ALEENA DAVISON 3

«Cariño, he buscado por todas partes, no lo encuentro».

Cerré los ojos con fuerza. «¿Estás segura de que has mirado en todas partes?».

«Sí, lo he comprobado».

Apoyé la cabeza contra la pared y me agarré el pelo con la mano. «Quizás debería entrar y buscarlo yo misma. Puede que todavía esté ahí...».

«No, no vengas». La voz de Molly se volvió suave y seria. «Gary ya ha avisado al personal, si apareces, deben llamar a la policía. Si alguien se niega, podría ser despedido. Seguiré buscando y te lo haré saber, ¿de acuerdo?».

Me sequé las mejillas, cansada de las malditas lágrimas que no dejaban de brotar.

«Está bien, te he entendido».

Colgué el teléfono y me retiré a la pequeña cama que casi ocupaba todo el espacio. Llamar «habitación» a este armario era demasiado generoso. Si querías un poco de privacidad en Manhattan, necesitabas un sueldo con más ceros de los que yo había visto jamás. Tenía una compañera de piso y, aunque nos las arreglábamos para encajar, tener un segundo dormitorio era una quimera.

Cuando me mudé aquí, no estaba preparada para lo diferente que se sentía todo.

El lugar en el que vivía ahora con mi compañera de piso era más o menos del tamaño de mi salón en casa.
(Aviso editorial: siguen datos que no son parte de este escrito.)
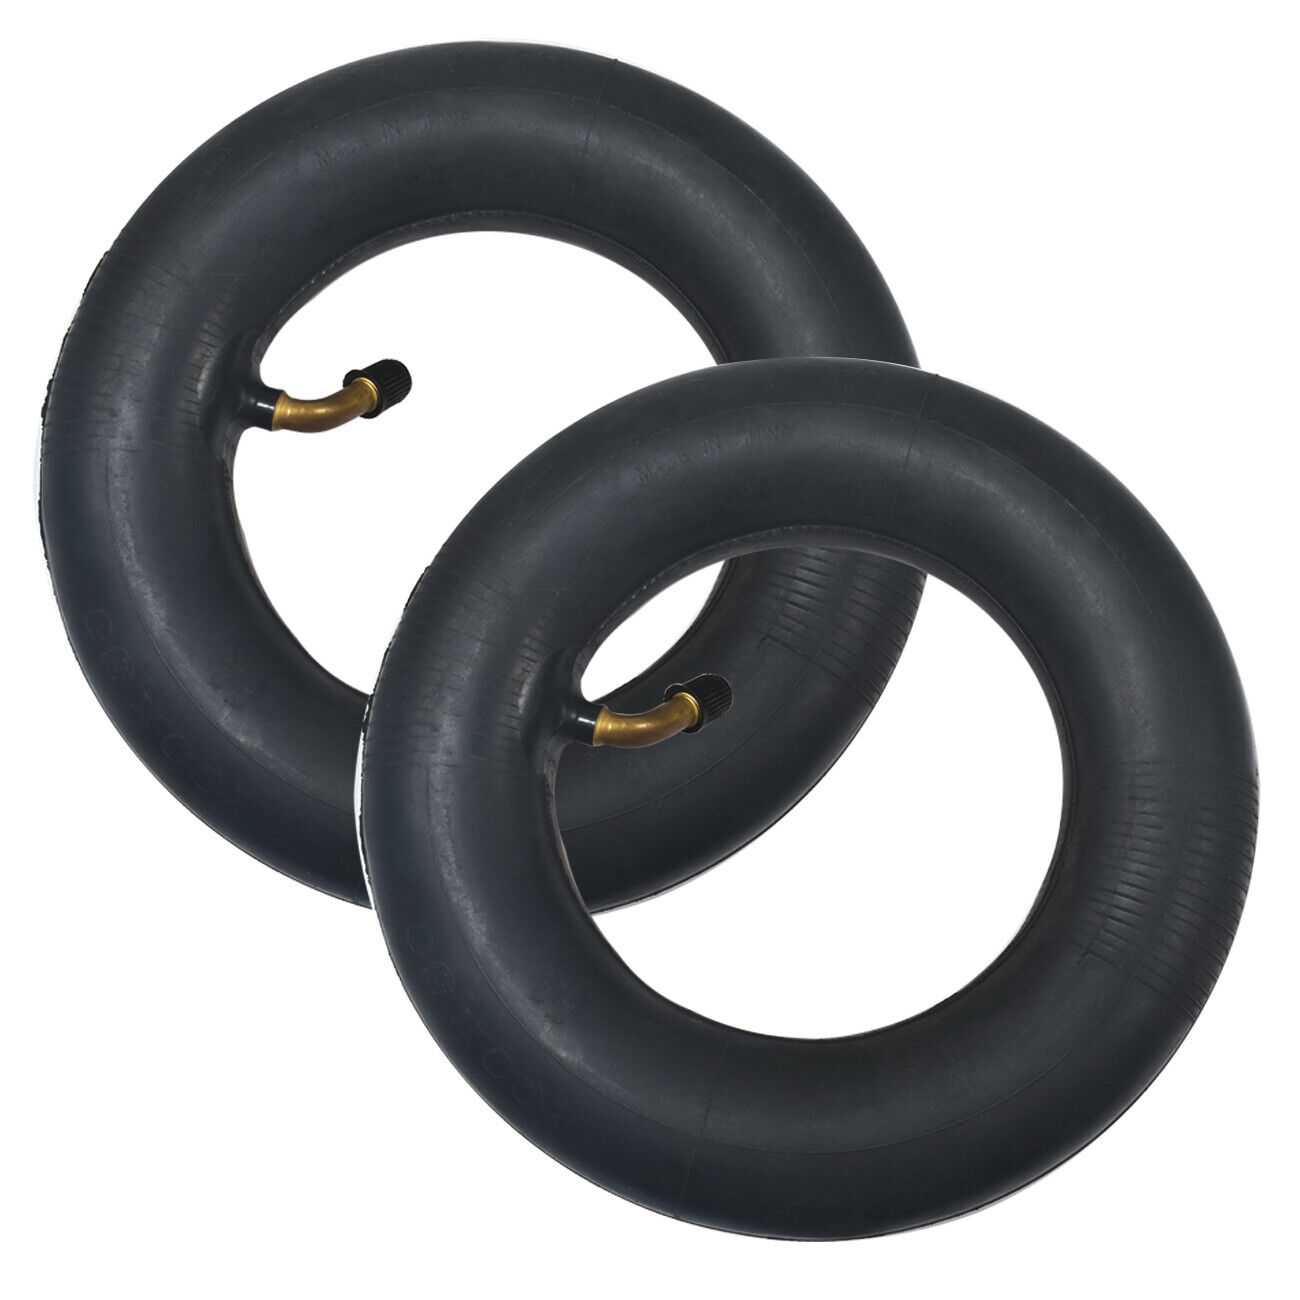 2x 200x50 IIR Inner Tube For Razor E100 E125 E150 E175 E200 Scooter 8"X2" Tire Unbranded Does not apply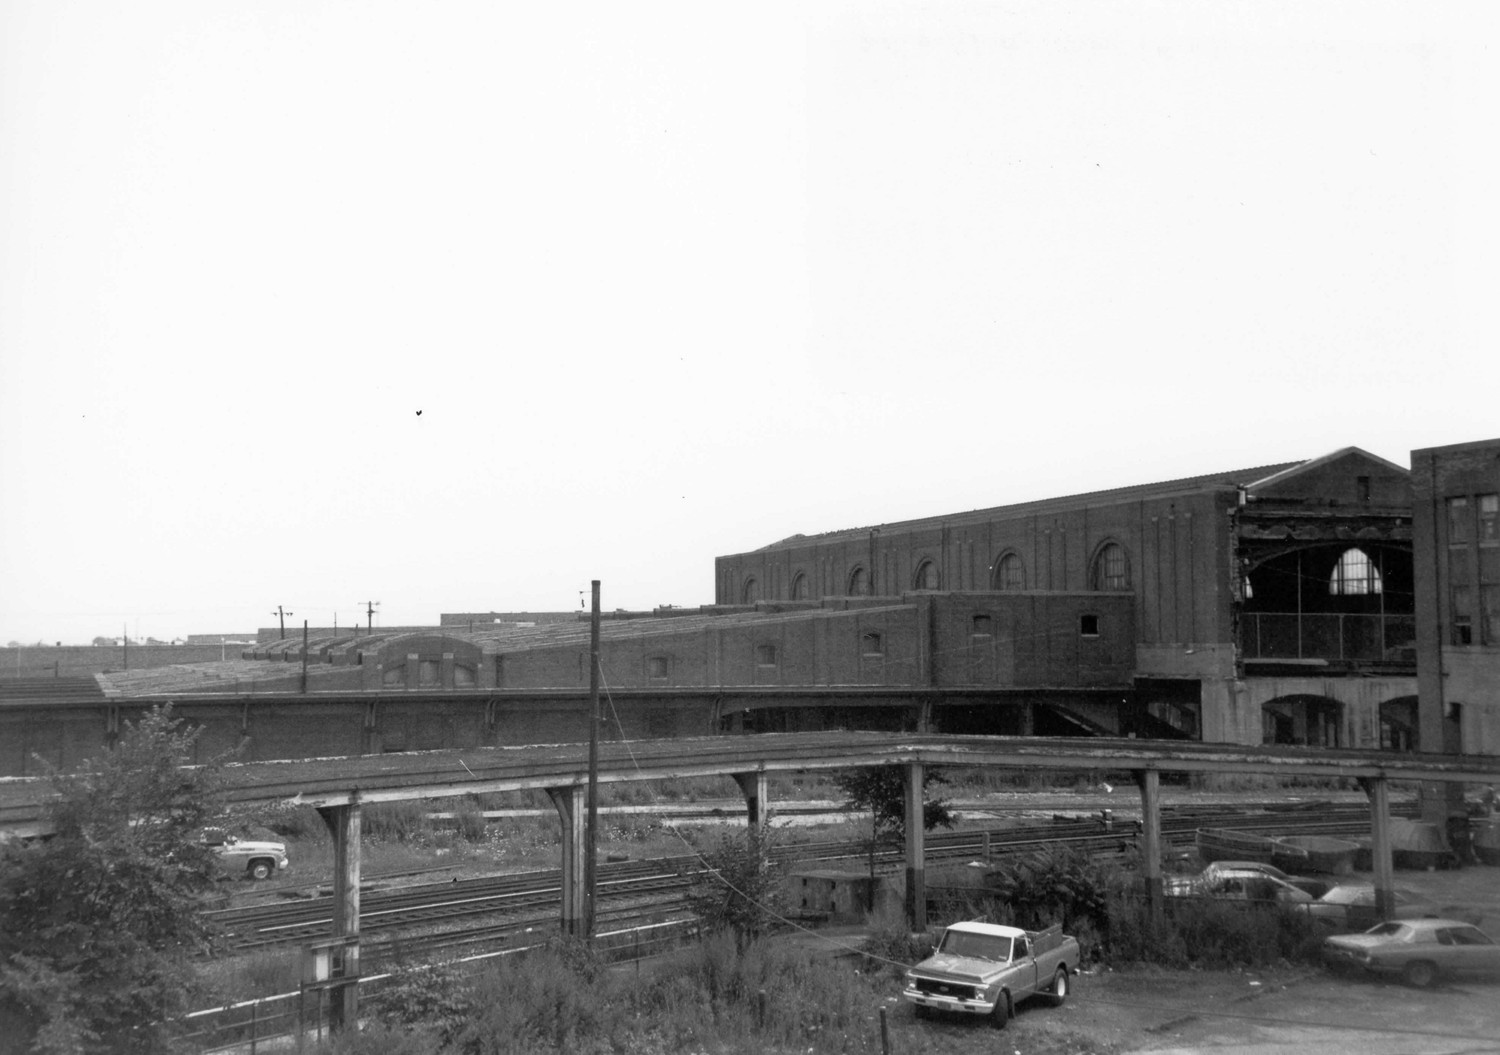 New York Central Terminal, Buffalo New York View of Train Platforms showing demolition of Connecting Wing (1983)

Cualquiera que nunca haya vivido en Nueva York no lo entiende, un apartamento de 74 metros cuadrados es prácticamente un palacio, y tu cuenta bancaria lo agradecerá.

Tumbada en la cama, contemplaba la deprimente vista del callejón y no podía evitar recordar lo diferente que era todo en mi casa.

¿Echaba de menos mi hogar?

Tenía miedo de que fuera así, pero no quería admitirlo.

No estaba acostumbrada a que me gritaran por algo como dejar caer una bandeja con platos; eso nunca había pasado en mi casa.

Mirando atrás, allí también era invisible. Igual que aquí.

Invisible allí. Invisible aquí. Quizás eso es lo que soy.

Innecesaria.

Suspiré y enterré la cara en la almohada. No pertenecía a ese lugar, igual que no había pertenecido al otro.

No, definitivamente no era así como me imaginaba mis veinticinco años. Ni siquiera pude comerme mi cupcake.

***

Pasé la noche compadeciéndome de mí misma.

¿Perder tu trabajo el día de tu cumpleaños? Yo diría que te has ganado el derecho a sentirte un poco mal.

A la mañana siguiente, me levanté, me duché y me puse a trabajar; era hora de empezar a buscar empleo.

Pasé el viernes yendo de un sitio a otro, buscando trabajo. En algunos sitios me hicieron entrevistas en el acto y en otros me pidieron mis datos de contacto y me dijeron que dejara mi currículum. Si hay algo que caracteriza a Nueva York es que siempre hay alguien contratando para trabajos de servicio: si sabes tomar pedidos, tienes una oportunidad, el truco está en aprovecharla antes de que lo haga otra persona.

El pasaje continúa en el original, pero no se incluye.